Secara umum anggota pengawas syariah tentulah harus merupakan orang yang memiliki otoritas di bidang
syariah. Mekanisme penentuan anggota Dewan Pengawas Syariah berbeda pada setiap negara. Pada
beberapa negara yang sudah mengatur secara sentral keberadaan dan operasional bank Islam, seperti
Malaysia, Mesir, Jordania, Kuwait, Pakistan, Indonesia; mekanismenya telah diatur dalam undang-undang
atau peraturan negra. Filosofi dari mekanisme ini adalah untuk menjaga independensi Dewan Pengawas
Syariah.

Di Indonesia, otoritas masalah keagamaan di bawah Majelis Ulama Indonesia (MUI). Untuk mengantisipasi
agar tidak terjadi kebingungan di kalangan umat akibat banyak dan beragamnya DPS. MUI sebagai
payung dari lembaga dan organisasi keislaman di Indonesia menganggap perlu dibentuknya suatu dewan
syariah yang bersifat nasional dan membawahi seluruh lembaga keuangan. Pada bulan Juli 1997 dalam
acara Lokakarya Reksadana Syariah dihasilkan rekomendasi pembentukan Dewan Syariah Nasional
(DSN). Lembaga ini didirikan pada tahun yang sama dan merupakan badan otonom MUI yang diketuai
secara eks-oficio oleh Ketua MUI. Sedangkan untuk kegiatan sehari-hari DSN dilaksanakan oleh Badan
Pelaksana Harian DSN. Bagi perusahaan yang akan membuka bank Islam atau lembaga keuangan
syariah lainnya, mereka harus mengajukan rekomendasi anggota DPS kepada DSN. Saat ini, Dewan
Syariah Nasional di Ketuai oleh KH. Ma’ruf Amin, salah satu Ketua MUI Pusat yang cukup produktif
menulis berbagai buku mengenai ekonomi syariah.
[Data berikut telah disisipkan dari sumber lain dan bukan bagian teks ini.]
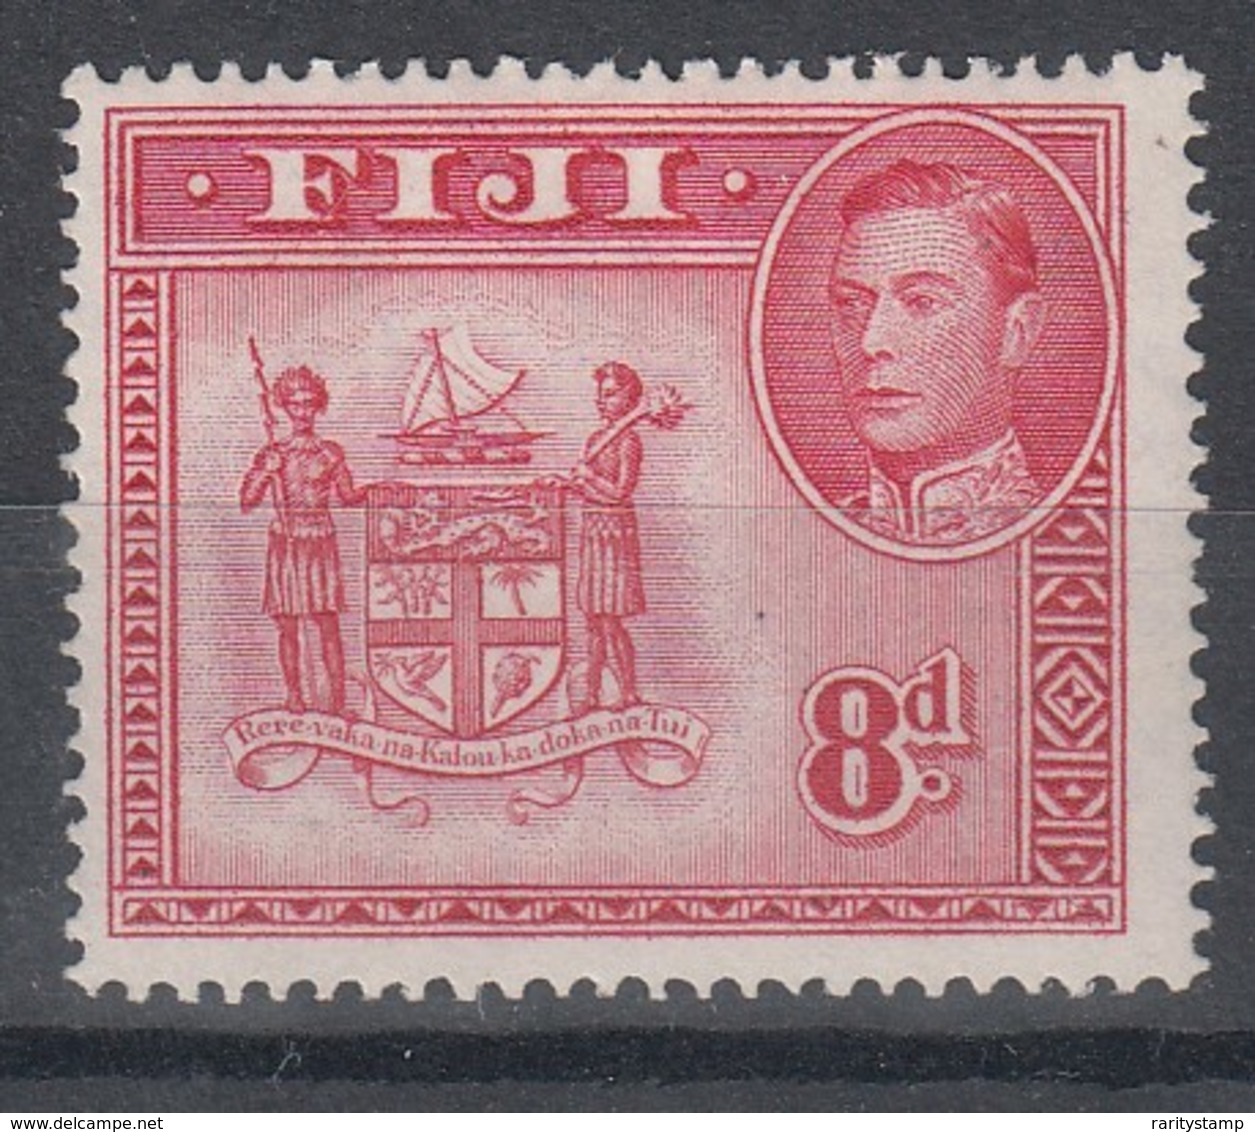 FIJI 1938 8d CARMINE MLH SG 261c - Fiji (...-1970)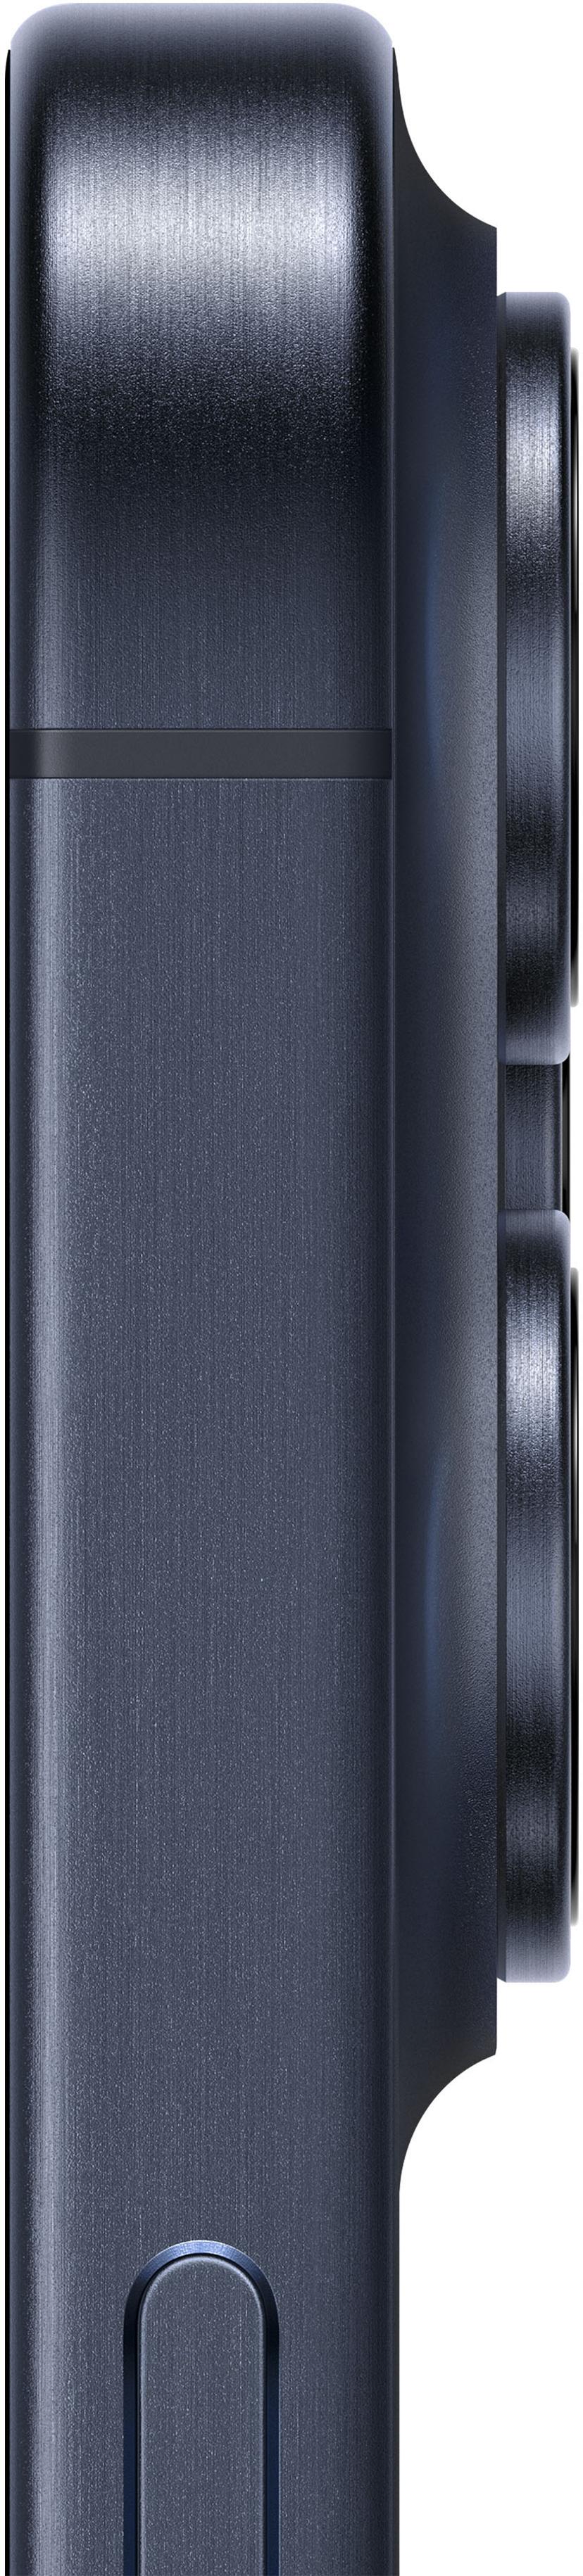 Apple iPhone 15 Pro Max 512GB Sininen, Titaani

Berdasarkan laporan dari DPS pada masing-masing lembaga keuangan syariah, DSN dapat memberikan
teguran jika lembaga yang bersangkutan menyimpang dari garis panduan yang telah ditetapkan. Jika
lembaga yang bersangkutan tidak mengindahkan teguran yang diberikan, DSN dapat mengajukan
rekomendasi kepada lembaga yang memiliki otoritas, seperti Bank Indonesia dan Departemen Keuangan
untuk memberikan sanksi.

Sumber penulisan :
1. DR. Syafiie Antonio, Bank Syariah dari Teori ke Praktek.
2. Dr. Ir. H. M. Amin Azis, Mengembangkan Bank Islam di Indonesia.
3. Artikel Khusus, “Bank Menurut Konsep Syariah Islam”, Majalah Mimbar Ulama, MUI.
4. Tim Pengembangan Perbankan Syariah Institut Bankir Indonesia.